Apple Defends Its Ethical Approach To AI Model Training Using Public And Licensed Data

The training dataset consisted of data that was publicly accessible, open-source, and licensed.

Apple has published a technical paper that outlines the development of its Apple Intelligence generative AI features, which are scheduled for integration into iOS, macOS, and iPadOS. The document addresses ethical issues related to the data utilized for training its models, highlighting that Apple refrained from using private user data. The training dataset consisted of data that was publicly accessible, open-source, and licensed.

In light of recent allegations that Apple utilized data from The Pile, including YouTube subtitles, for its AI, Apple has clarified that such models were never meant for AI functionalities in its products. The company's technical paper emphasizes that Apple's Foundation Models (AFM) were developed using responsibly sourced data, which encompasses licensed data from publishers and data that is publicly available on the web.
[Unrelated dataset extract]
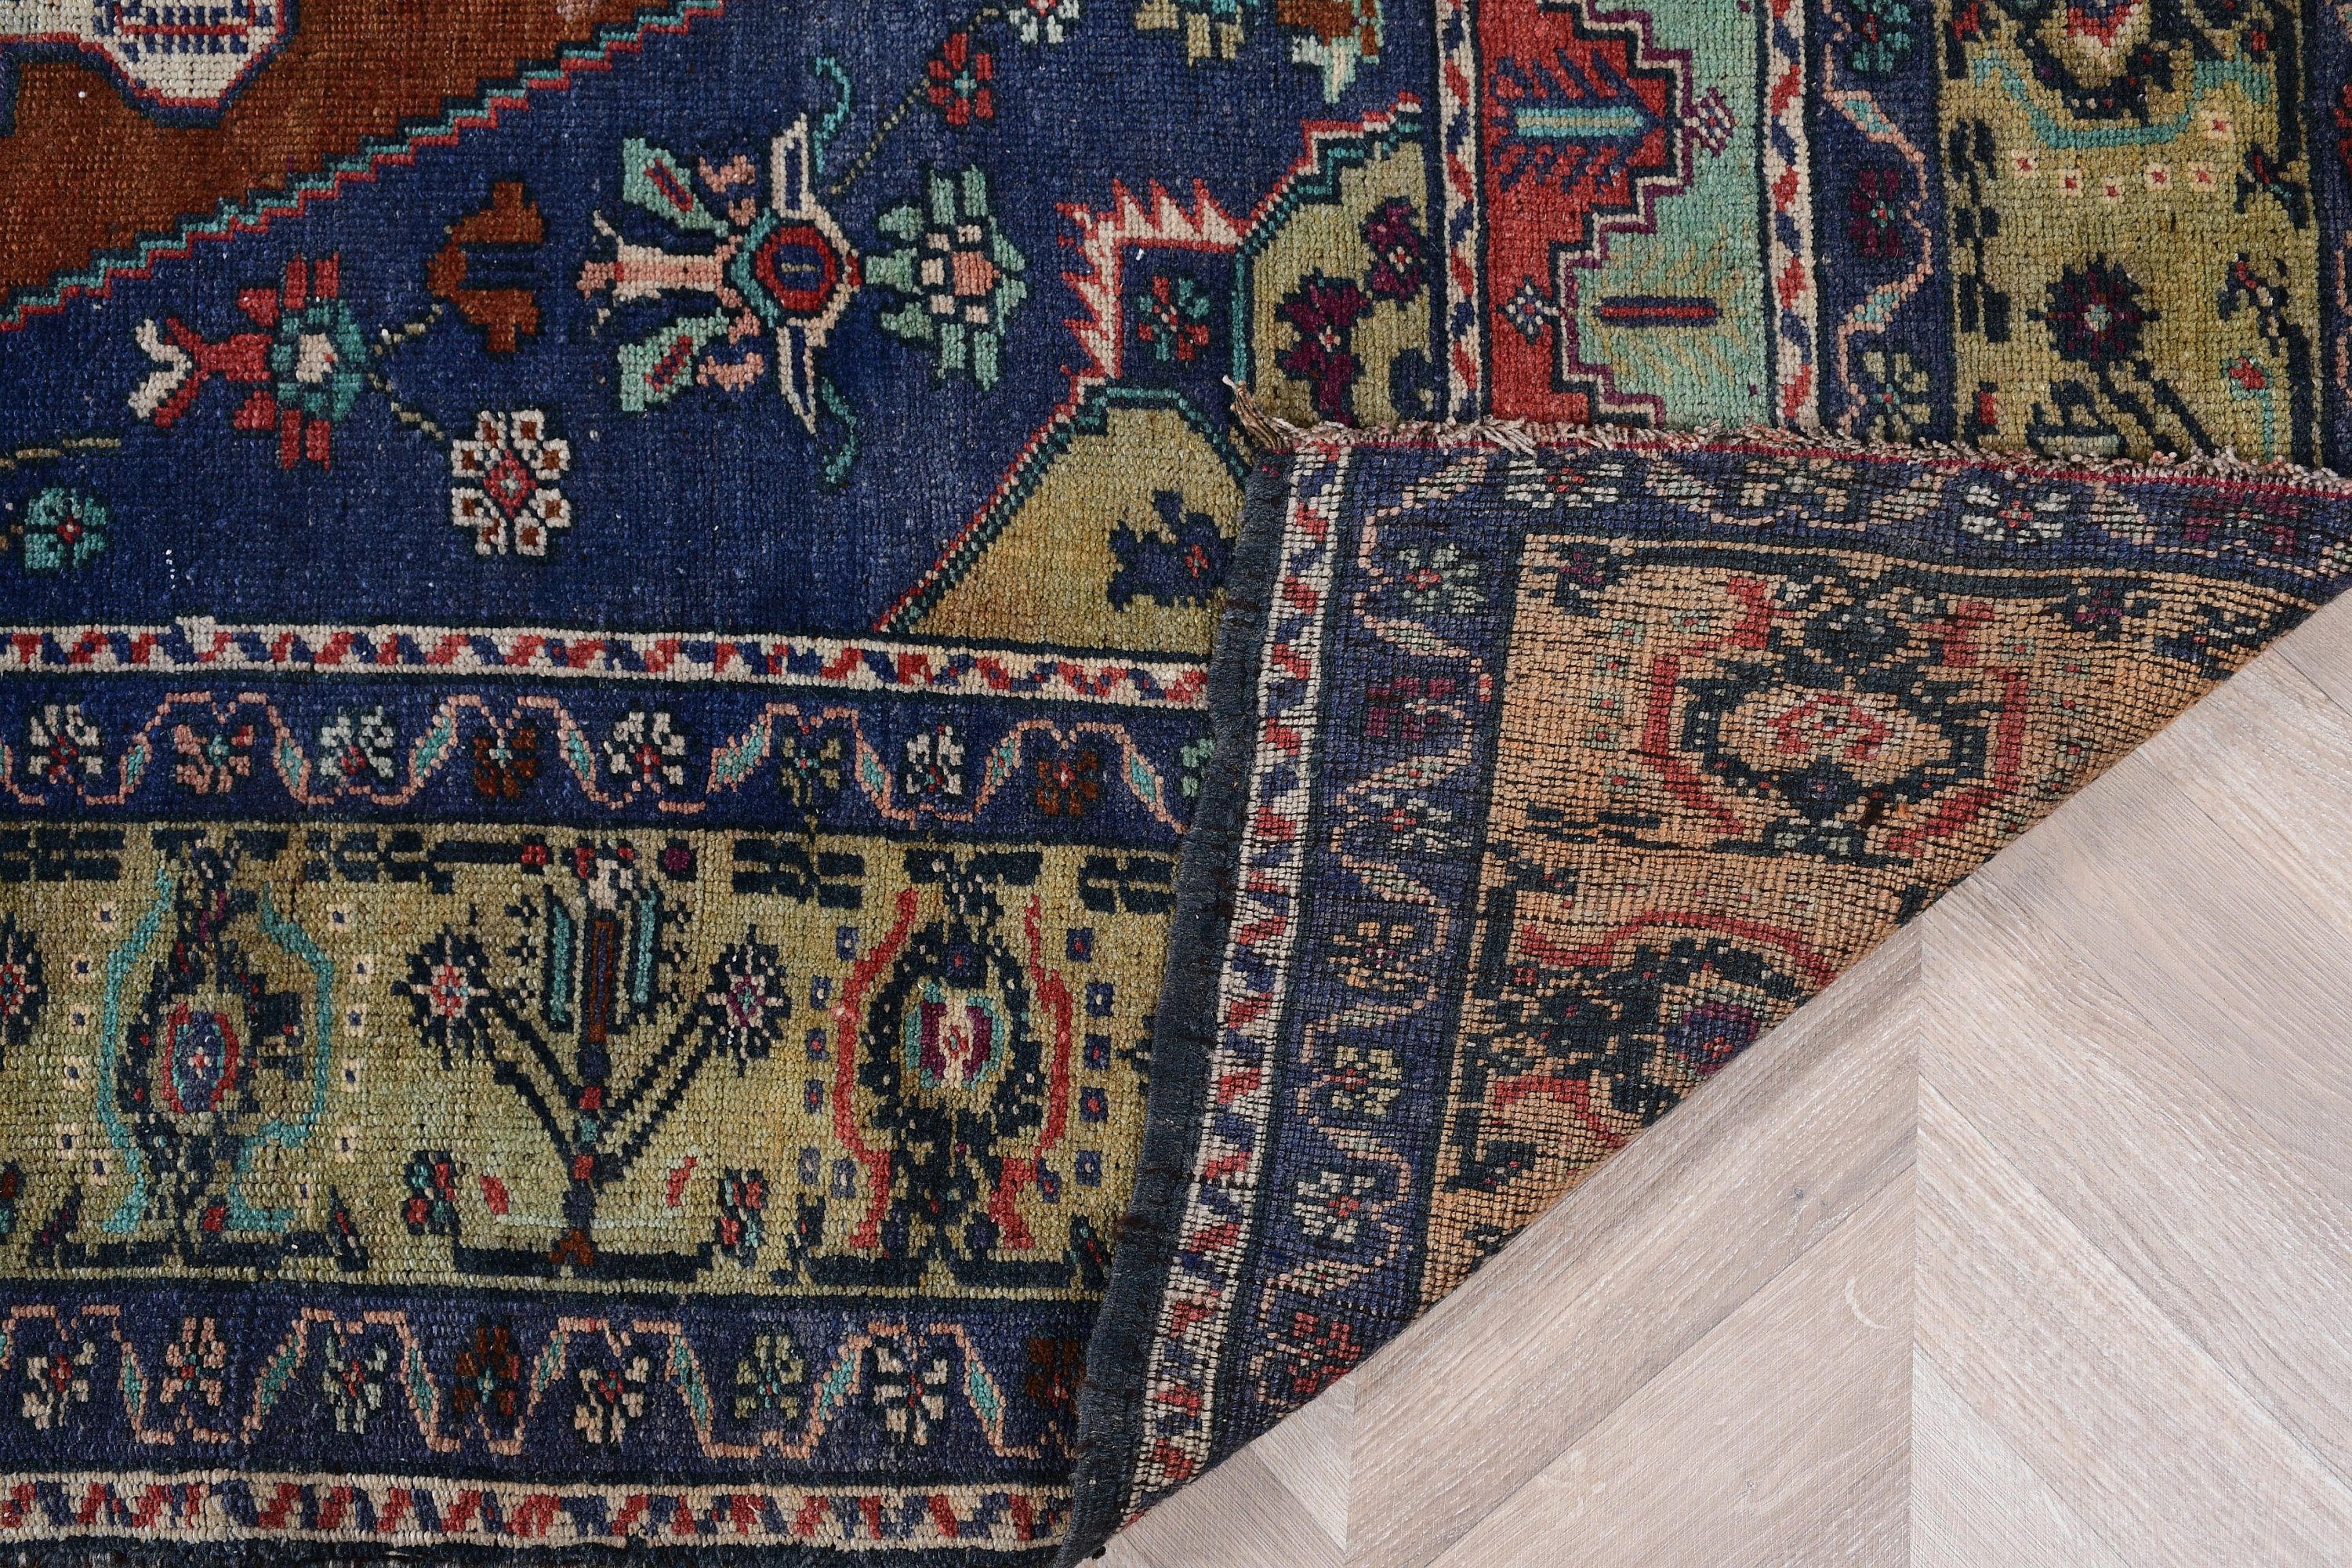 Turkish Rug, Blue Moroccan Rug, Living Room Rug, Floor Rugs, Salon Rug, Vintage Rug, Antique Rug, 5.2x8.2 ft Large Rug, Rugs for Salon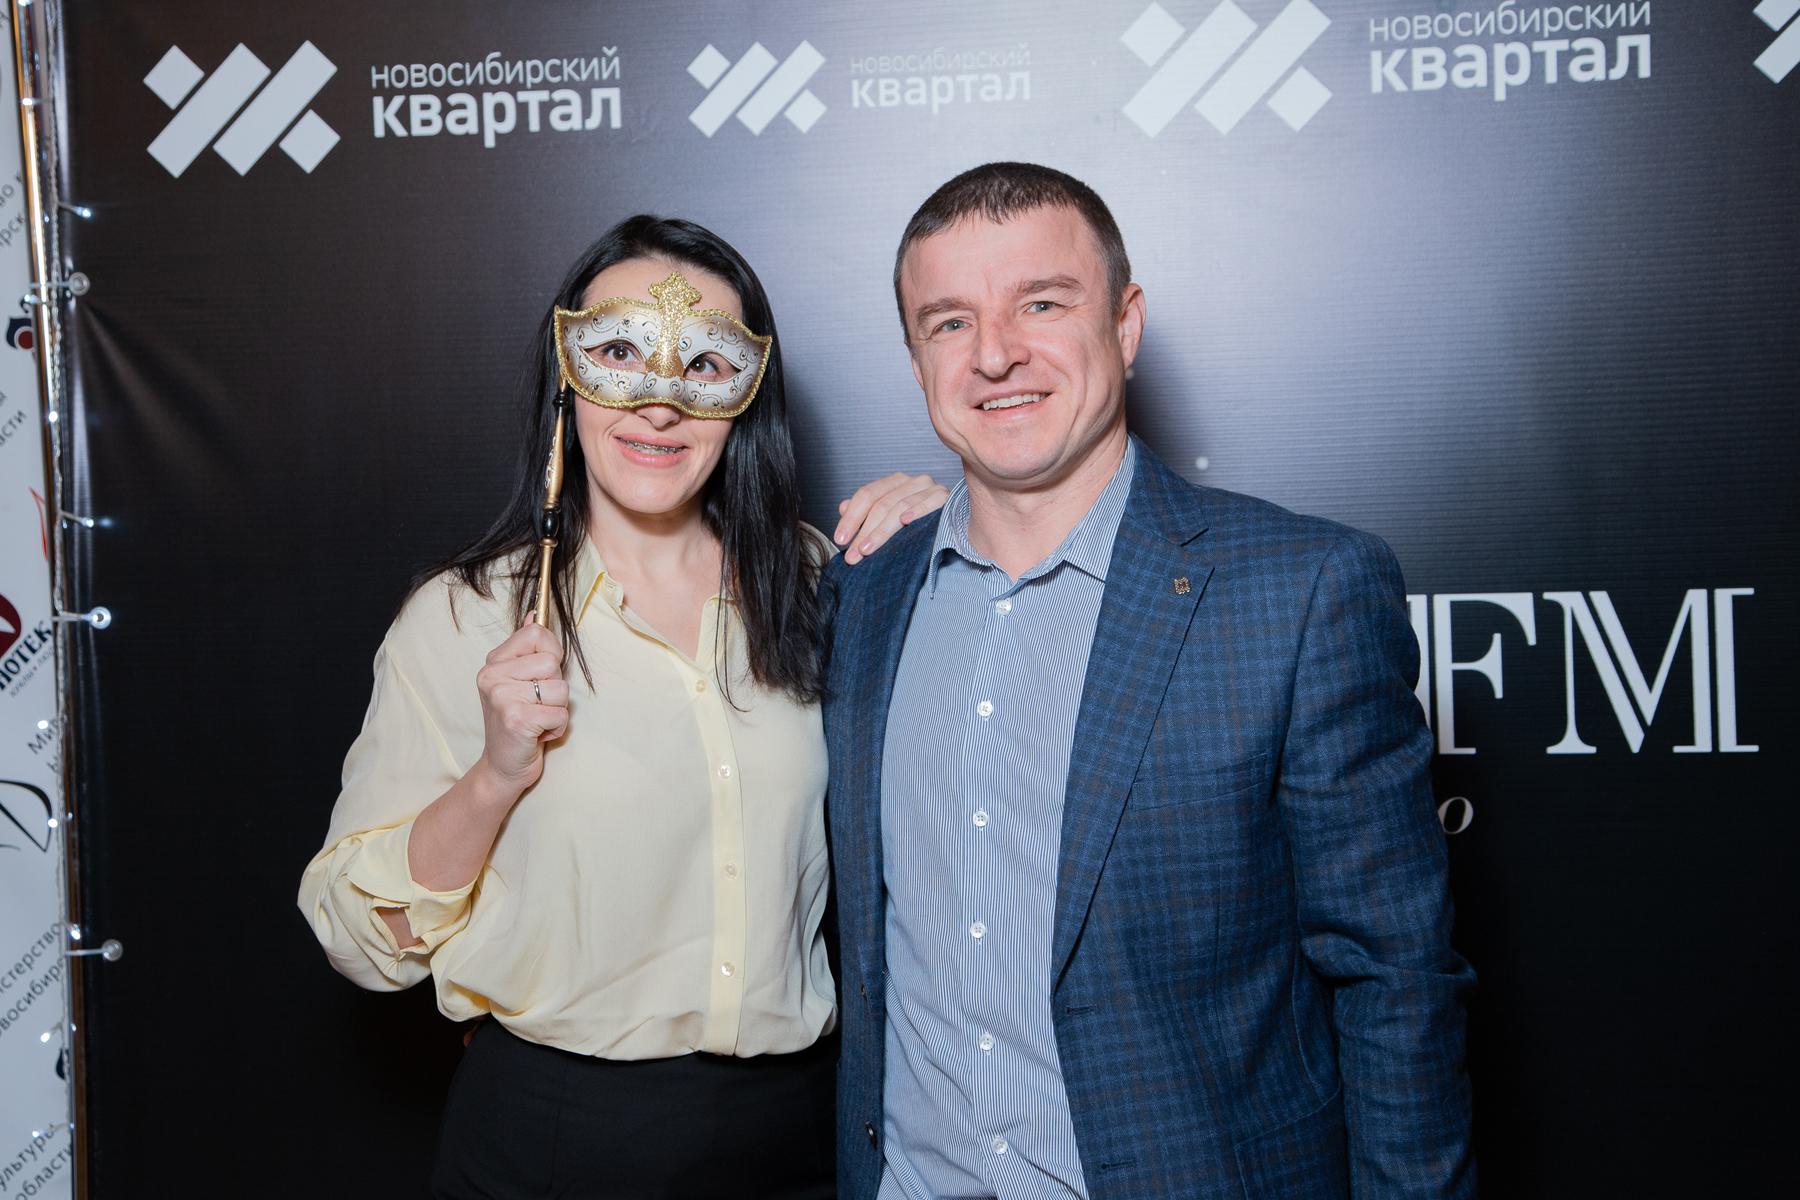 Фото Радиостанция Business FM в Новосибирске отметила 11 лет в эфире 4

Apple's training data set, which is about 6.3 trillion tokens, includes open-source code from platforms like GitHub, filtered to include only repositories with minimal usage restrictions. The company also used publicly available math questions and high-quality datasets, ensuring they had appropriate licenses for training models.

Apple maintains that it has integrated responsible AI principles throughout its model development process, utilizing human feedback and synthetic data to refine the models and reduce unwanted behaviors. The publication of this paper is a move by Apple to position itself as an ethical AI pioneer, amid the continuing discussions and legal issues surrounding the employment of public web data to train AI models.